My data source contains objects with a content field. I noticed that when I query that data, it returns a string of the complete object. It appears that when a data object gets converted to a graphql node it gets constructed with a content and contentDigest field.
If this is correct I propose that we mark those meta data fields in a way that they are less likely to clash with data sources, either by using a __ prefix or maybe grouping them together in a sys property or something.
Yeah this makes a lot of sense. content is a pretty common name so there'll definitely be conflicts. Also it's a system-level concern — it's highly unlikely you'd want to directly query either of those.
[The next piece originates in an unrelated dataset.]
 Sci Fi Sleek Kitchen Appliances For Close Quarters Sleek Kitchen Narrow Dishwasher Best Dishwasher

Hmm.. lemme think about this.
gql really doesn't give a lot o f room for naming stuff too. __ prefixes are soon to be a hard error for non internal fields and like the naming regex is alphanumeric and _
I also ran into other naming clashes later, like type, which is even more of a common name then content. There seem to be quite a lot of these reserved keywords that can mess up your json input. I had a look at the json transformer, and it happily loads the whole data object and then overwrites fields with the graphql schema stuff.
Here obj is the source of data:
return {
...obj,
id: obj.id ? obj.id : `${node.id} [${i}] >>> JSON`,
contentDigest,
mediaType: `application/json`,
parent: node.id,
// TODO make choosing the "type" a lot smarter. This assumes
// the parent node is a file.
// PascalCase
type: _.upperFirst(_.camelCase(`${node.name} Json`)),
children: [],
content: objStr,
}
So any source which contains contentDigest, mediaType, parent, type, children or content is getting itself into trouble, without warning.
I can see four solutions:
1) Check for these reserved keywords and throw an error if they exist.
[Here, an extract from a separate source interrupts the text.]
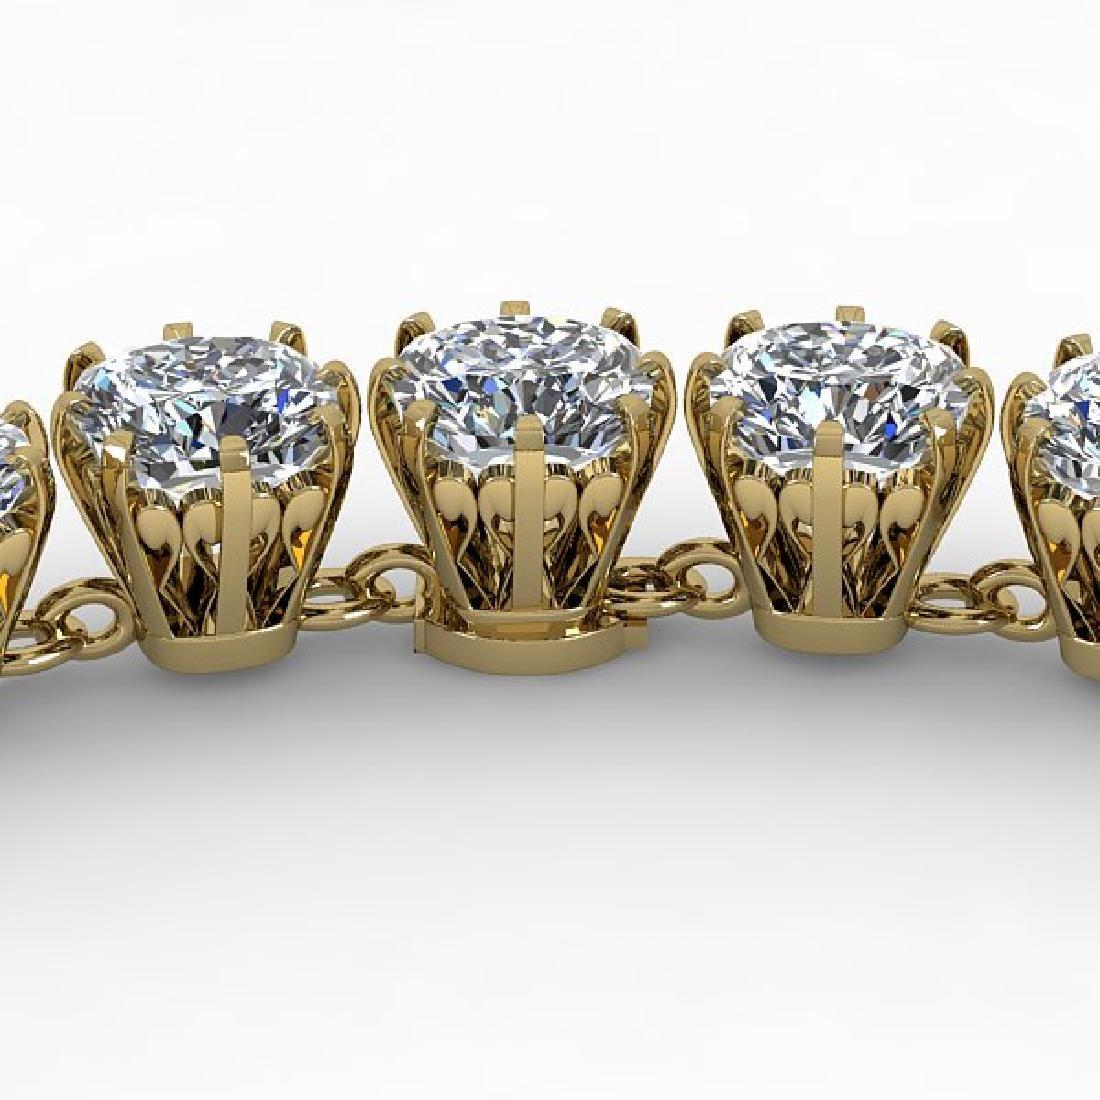 28 CTW Oval Cut SI Certified Diamond Necklace 18K

2) Put all json data into one standard field, like source or data
3) Prefix all gatsby graphql properties so that the list of reserved keywords is less likely to clash with user data.
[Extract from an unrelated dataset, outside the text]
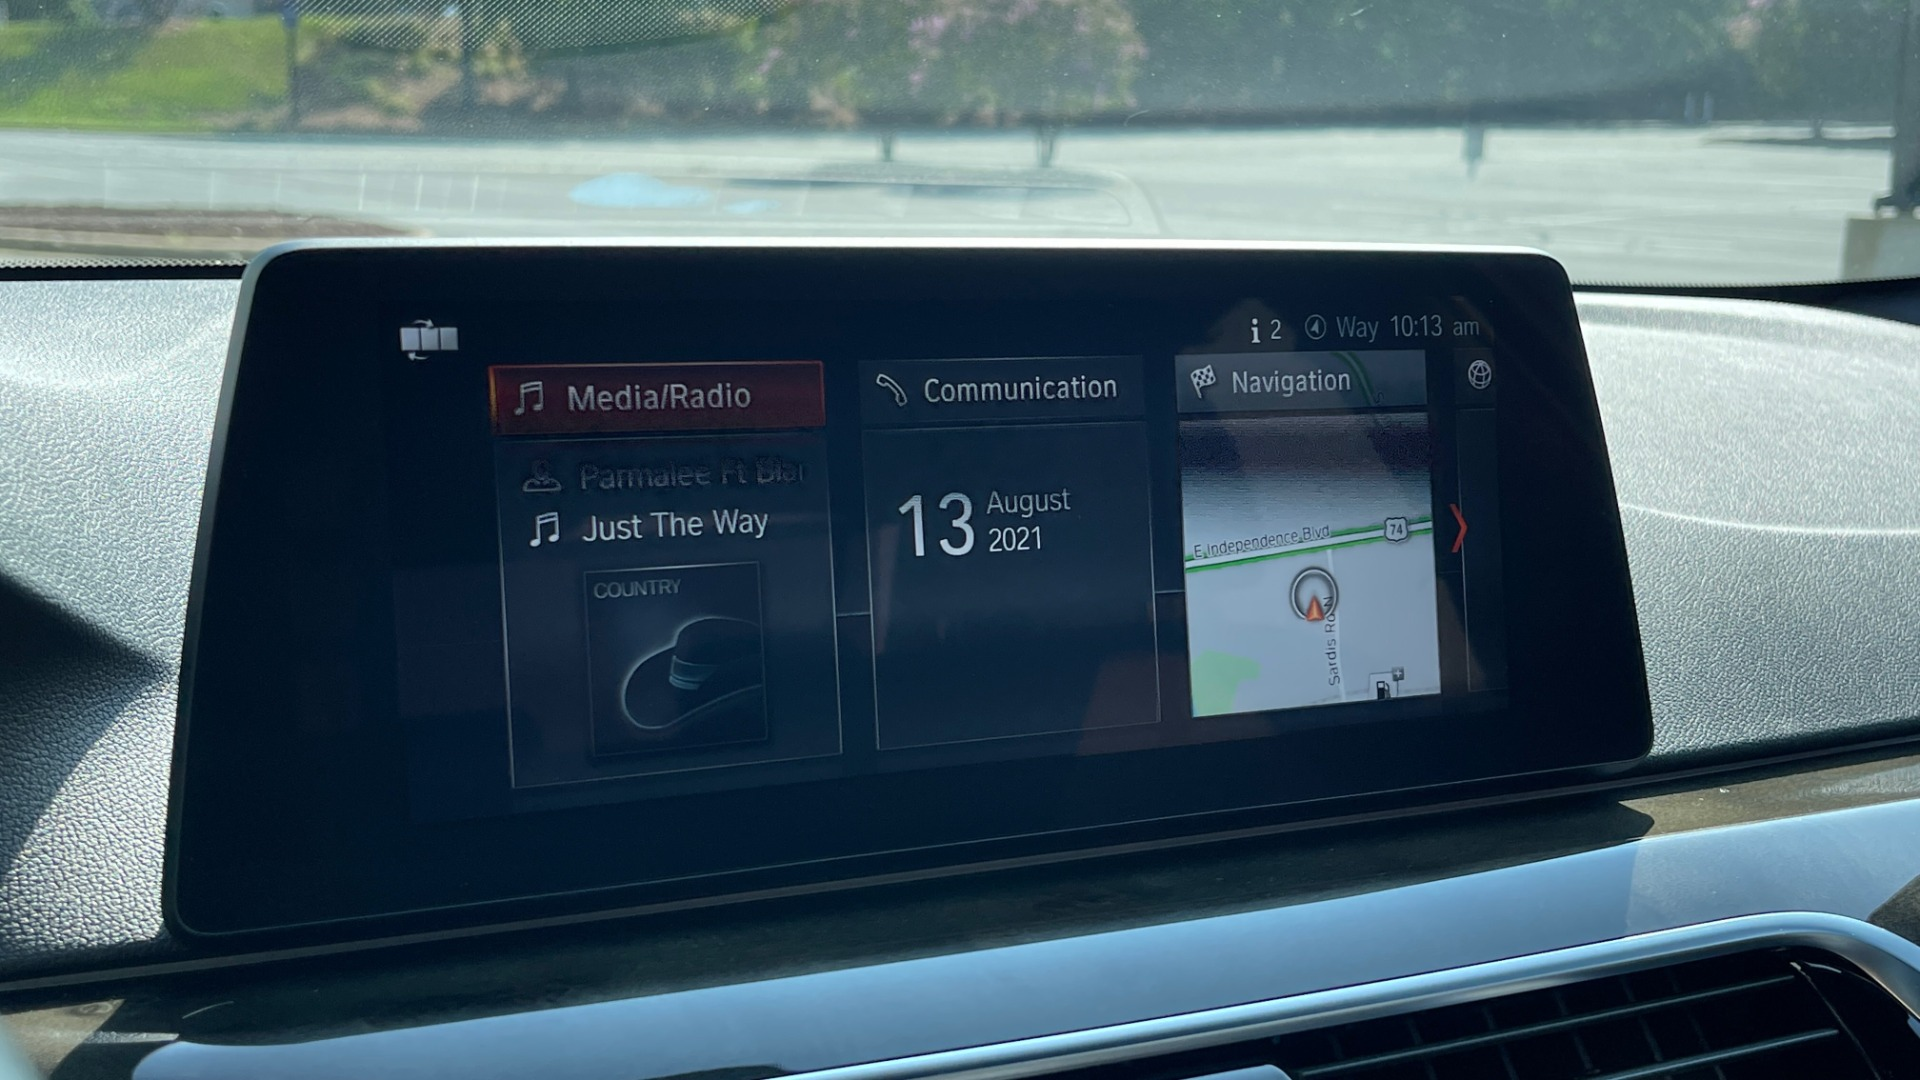 Used 2018 BMW 5 SERIES 540I XDRIVE M-SPORT / DRVR ASST / PDC / APPLE / HUD / H/K SND for sale $42,795 at Formula Imports in Charlotte NC 28227 44

4) Put all graphgl properties into one like sys, making that the only reserved keyword.
I think 1 is easiest, but apart from protecting the user it's not very nice to have such a long list of properties you are not allowed to have in your dataset.
Option 2 seems reasonable to me, and only makes queries a little more cumbersome maybe.
Option 3 or 4 I would prefer maybe from a user perspective, but I don't know how feasible this is or if it is even possible with the graphql restrictions. This also would mean a lot of code refactoring.
What do you think?
Yeah, this definitely needs fixed.
Thanks for the analysis on possible solutions. My reactions are:
attributes as the name for this. Another possible name is props which is both short and familiar to React.js audience. I do dislike that every graphql query would become longer.A user-centric analysis would ask "How to help people discover data in a Gatsby site and to easily write queries getting the data they want?". This suggests to me that we should put the node-specific fields under a prefix and put custom data at the top-level as that's the data people actually care about. It'll be rare that someone wants to query children or mediaType, or other node-specific fields. The only exception here is id which is decently common to query plus is referenced all the time in code so would be easier at the top level.
So here's a 4-ish proposal for the node/graphql structure:
{
id: string,
childTYPE: object, // not in nodes but generated in graphql for each type of child so would be a reserved prefix.
children: array,
parent: string
internal: {
contentDigest: string,
mediaType: string,
type: string,
content: string,
// Probably will add other fields over time.
}
...other custom fields for node.
}
parent and children are reasonably common words but they're used quite often in graphql schemas so I think it's reasonable keeping them at the top level.
So this limits us to 4 reserved words for nodes and with internal gives us the ability to add whatever else there in the future we want.
Thoughts?
(I prefer internal over sys as saying fields are "system" specific suggests they're somewhat needed by the system or anything outside of the node. I like to think of these nodes as autonomous objects that live independent lives and only agree on common fields as a way to coordinate with other nodes. "sys" feels a little too top-down controlled. I might be reading too much into this :-))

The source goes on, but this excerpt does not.